Many private lawyers have brought important class action cases for workers “who claim they’ve been misclassified as exempt managers for overtime, so they’ll be in a good position, too, to do outreach and education,” Ruckelshaus said. “The private bar has, in some cases, more direct access to workers” than the DOL.
Attorneys will have a host of techniques at their disposal to reach workers, said Hancock, who was involved in the overtime rulemaking at his previous job as the Wage and Hour Division's assistant administrator for policy. They can spread the word through worker centers and unions or inform the public via webinars and websites, he said.
Andrew Frisch, a partner at Morgan & Morgan in Fort Lauderdale, Fla., told Bloomberg BNA that his firm will be using radio, television and online advertising to inform employees of their new rights under the rule changes.

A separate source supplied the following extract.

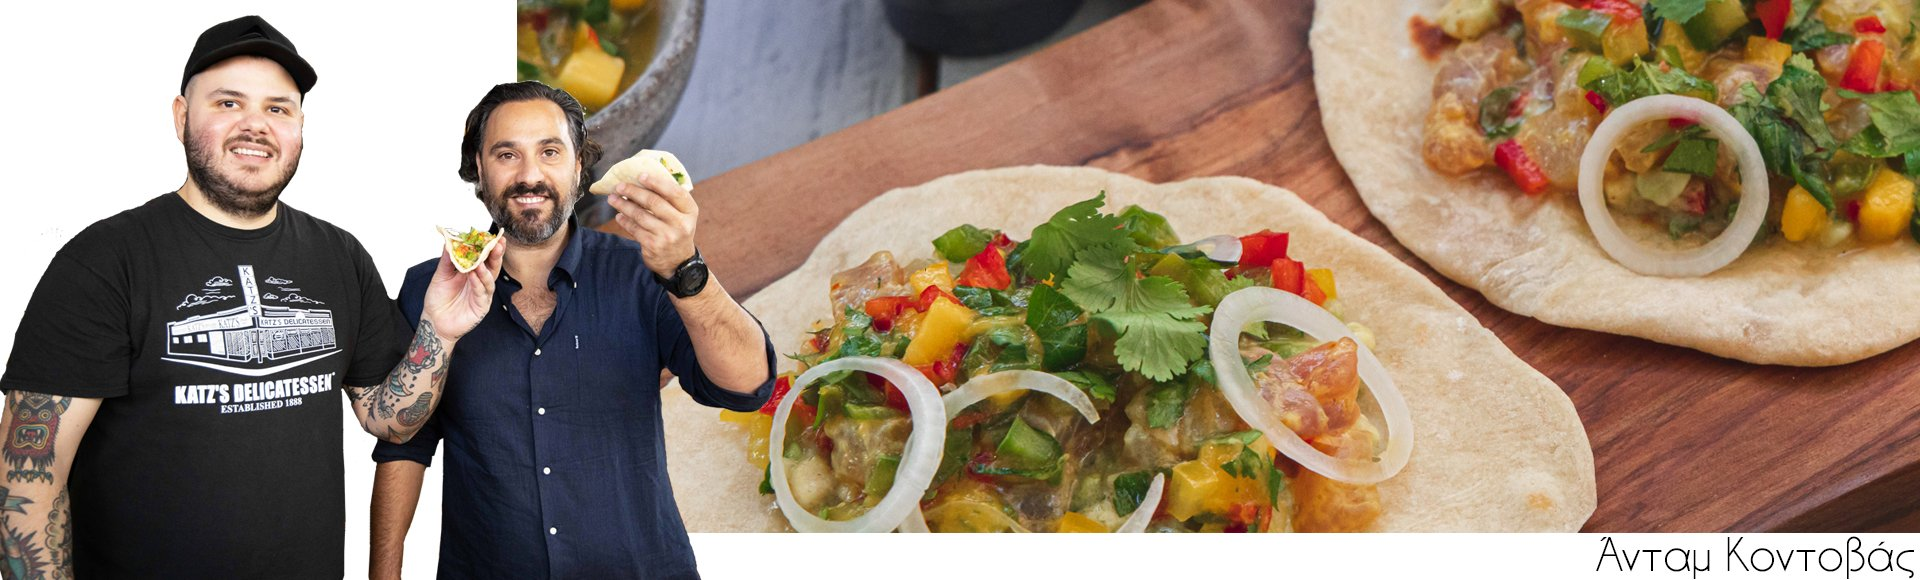 Tacos με ψάρι και μάνγκο - Ανταμ Κοντοβάς

Frisch has also been educating the public through his blog devoted to overtime law.
Informing employees is particularly important considering that many workers are already reluctant to come forward with overtime complaints because of the risk of retaliation, Ruckelshaus said. “It's a constant struggle, and it's not unique to overtime.”
At a certain point, attorneys will switch their focus from outreach to enforcement, but the exact timing is up for debate.
For starters, the number of days between the rule's publication and effective date is not known. The DOL must provide a minimum of 60 days by law, but OMB officials have been querying stakeholders at recent meetings about the amount of time it would take a company to comply. This has led to speculation that a lengthier period of time could be under consideration.
Once the agency allows enforcement of the overtime rule, the private bar will need to consider the appropriate time to bring a lawsuit if it learns of any overtime violations.
Ruckelshaus said she thinks there will be a period of adjustment before private enforcement picks up. Initially “there's not going to be a lot of money at stake, or at least not enough to get a lawsuit going,” she said.
By contrast, Louis Pechman, of Pechman Law Group PLLC in New York, said the rule will only add to the recent swelling of private FLSA litigation (227 DLR A-8, 11/25/15).
“Across the United States, there has been a surge in overtime pay lawsuits,” Pechman told Bloomberg BNA. “This change will add gasoline to that fire as many employers will not be in compliance with the Department of Labor regulations.”
Worker outreach during the rule's implementation could also yield new claims from employees who are already misclassified as exempt under the current FLSA rules. “We think there are going to be a lot of people who were misclassified who probably are going to feel a lot more comfortable coming forward and challenging the prior misclassification,” Frisch said.
In other words, education about a salary threshold update may lend itself to rectifying previous misconceptions about established overtime law.
The overtime regulation's rollout will be an “opportunity to start reaching out to employees and suggesting they may want to take a look at the compensation practices and make their own independent decision about whether they’re being properly classified,” Hancock said.